Chase Polan is all about processes.
The entrepreneur, advocate and founder of natural skincare line, Kypris, grew up visiting her grandparent’s West Virginia farm, where she learned the importance of respecting the land so it continues to thrive and produce amazing ingredients. That experience ultimately inspired her interest in wellness and self-care.
Providing herself with a solid background, she studied chemistry and biology at Barnard College, math and accounting at UCLA and completed programs in Cosmetic Chemistry. Then, in 2004, Polan created Beautiful Minds, providing educational services to clients from homeless young adults to elite high school students.
Ultimately, in 2012, a move to Arizona provided her the opportunity to combine her love of advocating for women, wellness and sustainability to create her own skincare collection. All about promoting positivity around beauty, she drew inspiration from her former experience as a model, from the teachings of Dr. Esther Steinberg about nature’s effect on healing and from environmentalist and writer Bill McKibben’s standard of good farming practices.
Here, Polan explains why, for her, the journey is the best part:
Live The Process: Can you describe your grandparent’s farm from which you took such important lessons and inspiration?
Chase Polan: The farm is on an expanse of land that travels up and down mountains. It has fields that are trampled by cows, others that grow hay and one that hosts a fruit and vegetable garden. If the trees could talk, they would tell stories about the French and Indian War. There is a deep history: In the spring, arrowheads come up as the land is tilled, reminding everyone of the involvement in the decision of West Virginia to oppose slavery and side with the Union; that mud packs made from the mineral rich land were used to treat the sick and wounded because the minerals were known to heal.
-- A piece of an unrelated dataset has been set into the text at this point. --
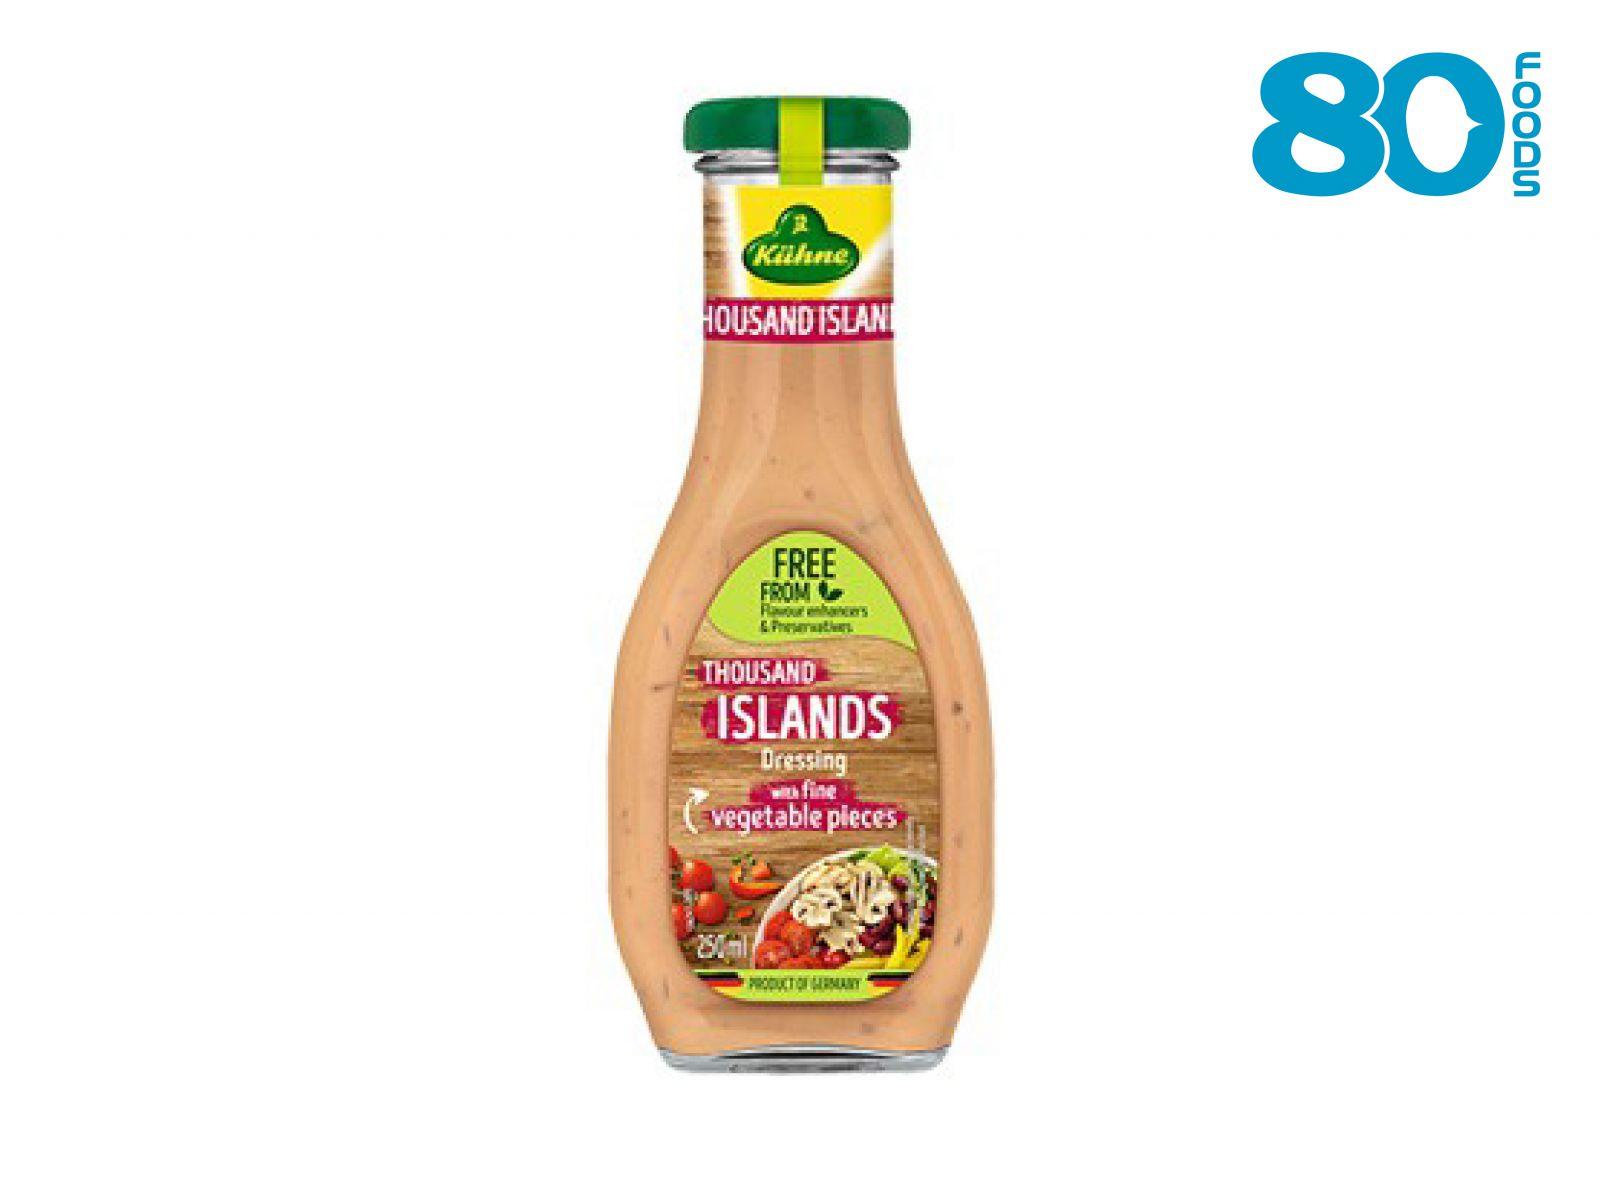 Sốt trộn Salad Thousand Islands Kuhne

Now, you can drive a few miles up the road to a spa that will slather you in the local mineral waters and muds. It's rich in white sulfur that is very healing. There are ponds and one of the deepest caves in the Appalachian mountains on the back side. The woods are immense. My grandfather prohibited hunting. In fact, one winter a doe was hit by a car. Her two young fawns had to be nursed in one of the barns, which of course meant they were promptly named. (True to my family's form, no one could agree on the names.) I have no idea where the photos are, but these two deer would visit us during the summer even as adults with fawns of their own. We counted them as part of the family, since they too had a proclivity for oreos and donuts . . . at breakfast from the kitchen table.
I primarily grew up in a small beach town, so there was little similarity. Many people I knew were on low-fat diets and wore little to no clothing. There was an apparent preference for designer everything. Tan lines galore. Lots of time in salt water. Plus, I was dealing with the challenges of managing school and whatever job or volunteer work I was doing, and sports. The farm was the polar opposite. No one cared what you ate, what you wore; there were actual mountains.
LTP: You accrued copious knowledge and experience before starting this venture. What did you research?
CP: Kypris is not my first company. It's technically the second company that I launched, but the third company I worked on. So, while I did take courses through UCLA extension to focus on basic accounting and finance principles, my primary research focus was on science and sustainability.
I really like processes. Primarily, I focus on, first, the process required to make the product that I want to put out into the world and all that entails. Then, second, I research the process required to ensure that it’s a viable business. One isn’t more or less important than the other, but each has nonnegotiable elements.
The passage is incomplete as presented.